Fraenkel et al. [20] performed a case control cross-sectional, retrospective study to determine whether breast cancer was associated with osteoporotic fracture in 17,110 women with a BMD test between 2003 and 2011. Among 1,193 women with osteoporosis, 62 had a previous history of breast cancer while the remaining 131 did not. BMD was similar among women with and without breast cancer who had fractures. Hsieh et al. [21] performed a cross-sectional, retrospective study to compare the prevalence of vertebral fractures in 200 breast cancer women with age- and body mass index-matched women. They showed 22 (11%) vertebral fractures in breast cancer survivors compared to 7 (3.5%) vertebral fractures in the comparison group. The adjusted odds ratio (OR) for vertebral fracture was 4.16 (95% confidence interval [CI], 1.69-10.21; P<0.01). Kanis et al. [22] have performed a retrospective case-control study to compare the risk of vertebral fractures between women with and without breast cancer. They showed that the incidence of vertebral fracture in women with breast cancer was nearly 5 times greater than that in the control group (OR, 4.7, 95% CI, 2.3-9.9) and 20-fold higher in women with soft-tissue metastases without evidence of skeletal metastases (OR, 22.7, 95% CI, 9.1-57.1). Tsai et al. [23] have performed a nationwide retrospective cohort study to compare the risk of osteoporotic fracture between 22,076 breast cancer patients and 88,304 controls between 2000 and 2003. They showed that the incidence of all types of fractures was higher in the breast cancer cohort than in the comparison cohort, with adjusted HRs of 1.18 (95% CI, 1.03-1.35) for hip fractures, 1.12 (95% CI, 0.98-1.28) for forearm fractures, and 1.24 (95% CI, 1.04-1.48) for vertebral fractures (Table 1).
Analysis for 4 studies involving a total of 127,722 (23,821 cases and 103,901 controls) subjects showed that the incidence of fractures was higher in breast cancer patients than in the control group. The pooled estimate of crude OR for osteoporotic fractures was 1.244 (95% CI, 1.091-1.419; P=0.001; Fig. 2).
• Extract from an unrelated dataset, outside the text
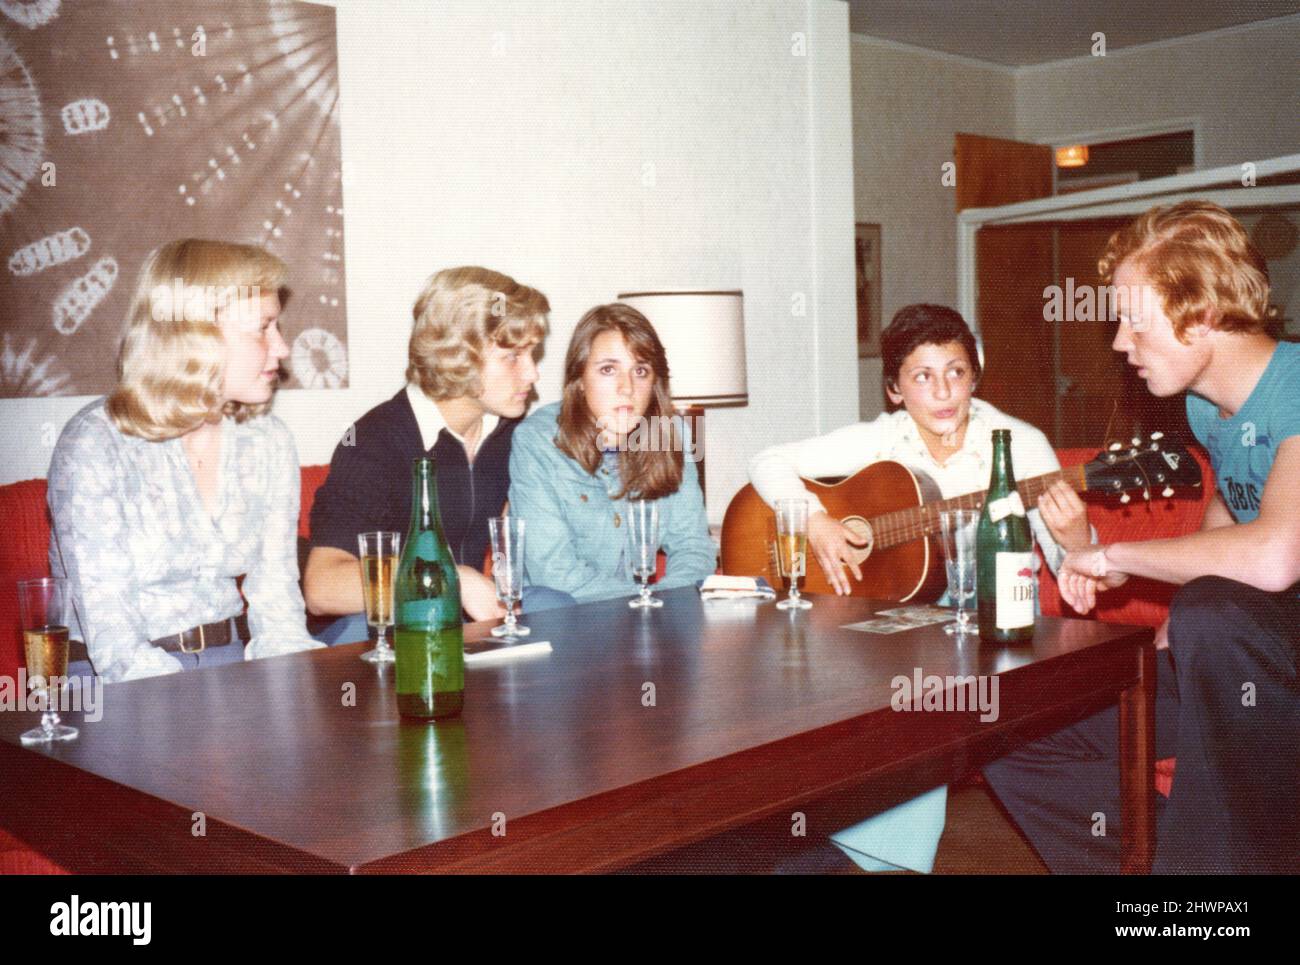 Originalfoto der 1970er Jahre von einer Gruppe schwedischer Teenager, die reden, trinken und Gitarre spielen, Schweden. Konzept von Freundschaft, Zweisamkeit, Nostalgie Stockfoto

Clinical implications of menopause in bone metabolism are critical because it results in loss of bone mass.[24] However, the potential adverse effect of breast cancer on bone remains controversial. Our purpose was to review the literature on the fracture risk in breast cancer patients, focusing on the reported occurrence of osteoporotic fracture. After reviewing one population-based cohort study, 1 cross-sectional study, and 2 case-control studies, the fracture risk in breast cancer patients appeared to be higher than that in the general population.
Menopause with estrogen deprivation is the most important cause of osteoporosis in women. Anti-estrogen effects by tamoxifen and aromatase reductase inhibitor (ARI) commonly used to treat breast cancer may lead to menopause even in young women.[25] Although we planned to conduct a structural meta-analysis, the number of included studies was too small. However, we found that breast cancer patients showed a higher risk of osteoporotic fracture through a meta-analysis.
Current reviews have explored the linkage between postmenopausal osteoporosis and breast cancer due to increasing the prevalence of breast cancer and osteoporosis among postmenopausal women.[26,27] In fact, in some postmenopausal women, osteoporosis was considered to be a late-term effect of estrogen receptor (ER)-positive breast cancer treatment.[28] A clearer understanding of the linkage between postmenopausal osteoporosis and breast cancer could lead to the development of a therapeutic target for postmenopausal breast cancer patients. Below, we examined some biochemical linkages between postmenopausal osteoporosis and breast cancer.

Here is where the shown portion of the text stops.